Por Natalie Angier
The New York Times
Segundo a opinião de todos, meu avô, Nathan, tinha as ambições cômicas de um Jack Benny, mas o talento cômico de um John Kerry. Sem desanimar, ele sempre guardava um bloquinho de papéis no bolso. Caso ele ouvisse uma boa piada, sempre haveria um lugar para anotá-la.
Como eu gostaria de saber onde Nathan guardava os papeizinhos.
Assim como muita gente, eu nunca consigo lembrar de uma piada. Eu ouço, ou leio, algo hilário, rio alto o suficiente para constranger todo mundo na biblioteca, mas instantaneamente esqueço tudo - menos o fato, sempre popular numa mesa de jantar, de que eu "ouvi uma piada ótima hoje, mas agora não me lembro como era".
Para pesquisadores que estudam a memória, a facilidade com a qual as pessoas esquecem as piadas é uma daquelas esquisitices, aqueles pequenos deslizes na casca de banana neuronal, que acabam revelando uma quantidade surpreendente de coisas sobre a arquitetura por trás da memória.
Existem exemplos similares para ilustrar os caprichos e o mau gosto da memória - como por que você pode esquecer o aniversário de seu cônjuge, mas vai lembrar, até o leito de morte, de todas as palavras da música de abertura do programa "A Ilha de Gilligan". E por que você corta uma linha de dados, como um número telefônico é divido em blocos previsíveis e gerenciáveis, com o objetivo de memorizá-lo, e depois se desespera quando vai para o Reino Unido e ouve alguém dizendo um número "duplo quatro, duplo três?" E por que seus esforços para preencher um lapso de memória repentino ao perguntar a seus amigos "Ei, como era o nome do ator principal daquele filme que vimos na sexta-feira?" pode falhar, pois agora todos também esqueceram (amigos inúteis!).
Bem-vindo ao cérebro humano, seu trono de 1,3 kg de conhecimento com a almofada de alegria no assento.

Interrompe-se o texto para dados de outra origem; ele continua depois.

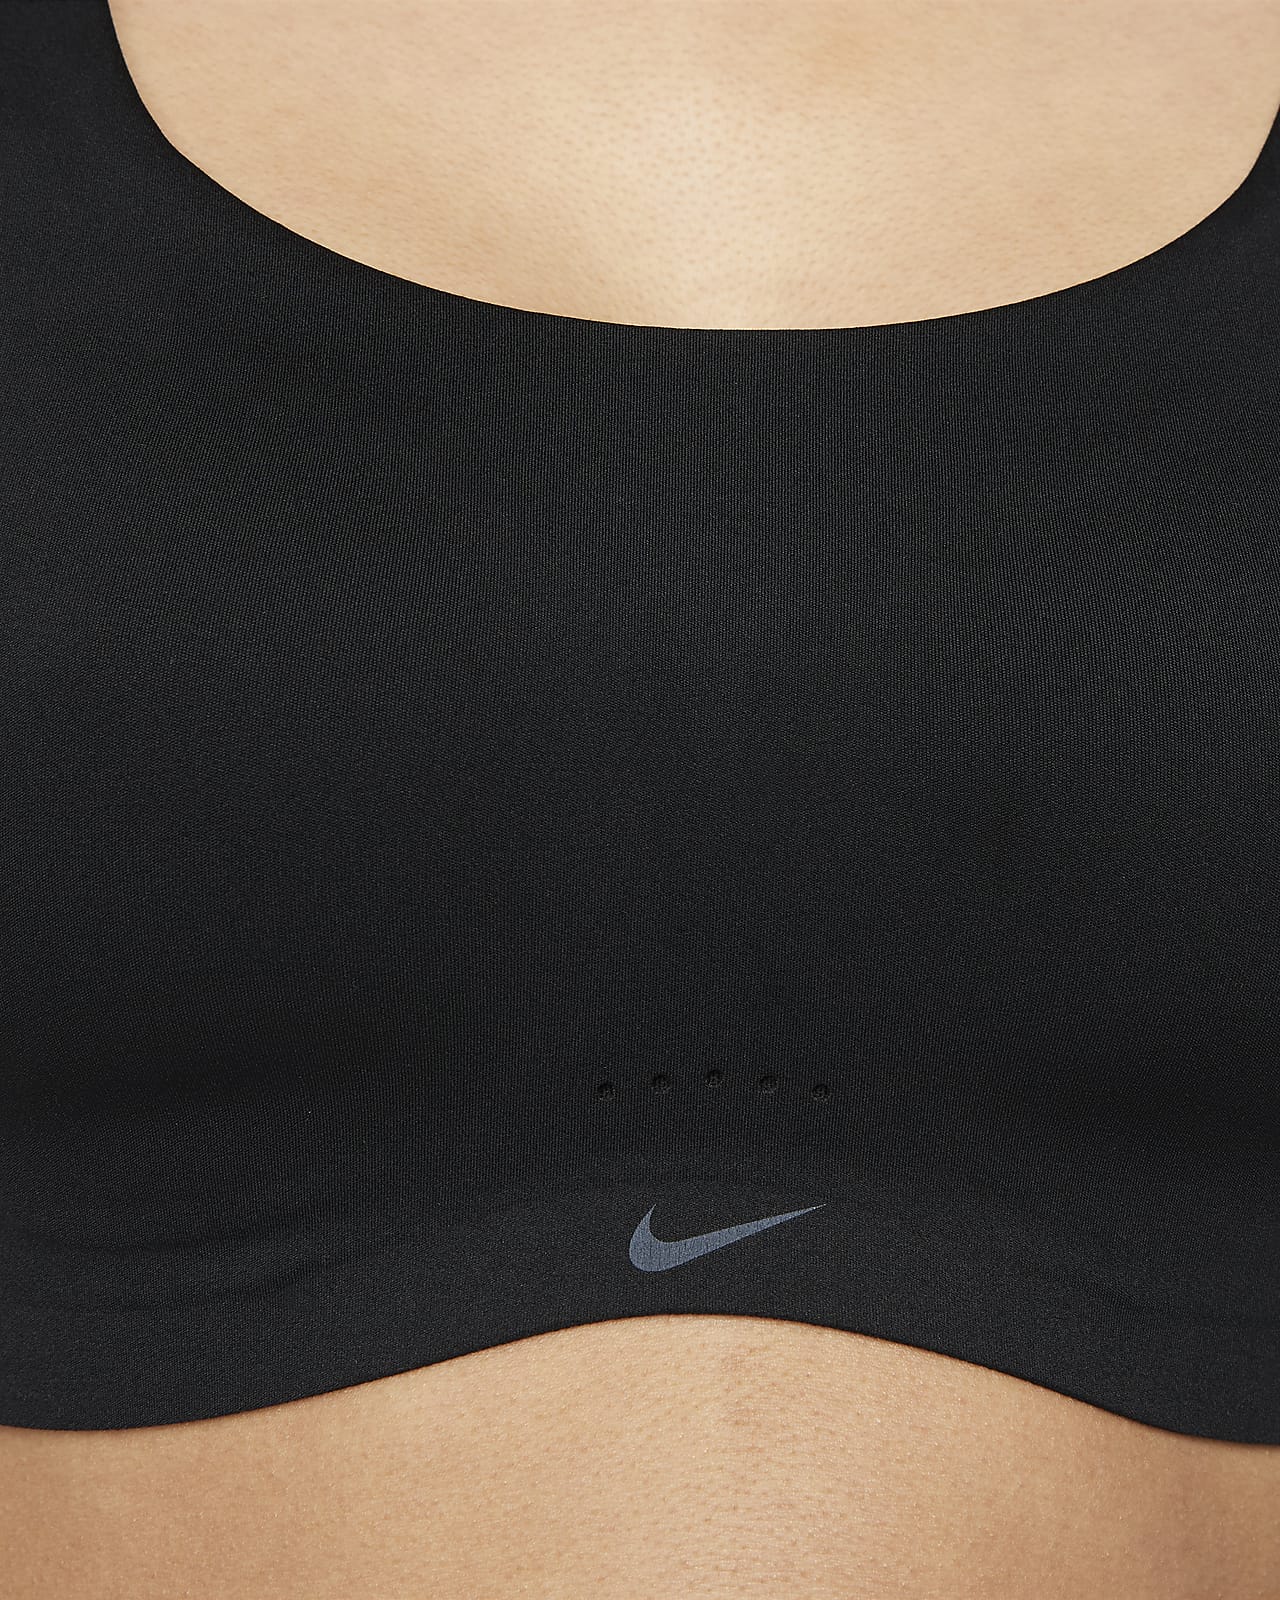 See Price in Bag Nike Alate Pullover Sports Bras.

Para entender a memória humana e seus tiques, Scott A. Small, neurologista e pesquisador da memória na Columbia, sugere uma analogia familiar à da memória do computador.
Temos nossa própria versão de um "buffer", ele disse, uma memória de curto prazo e escopo limitado com taxa de rotatividade mais alta. Temos o nosso equivalente ao botão "salvar": o hipocampo, localizado no fundo da parte anterior do cérebro, essencial para traduzir memórias de curto prazo em formas mais permanentes.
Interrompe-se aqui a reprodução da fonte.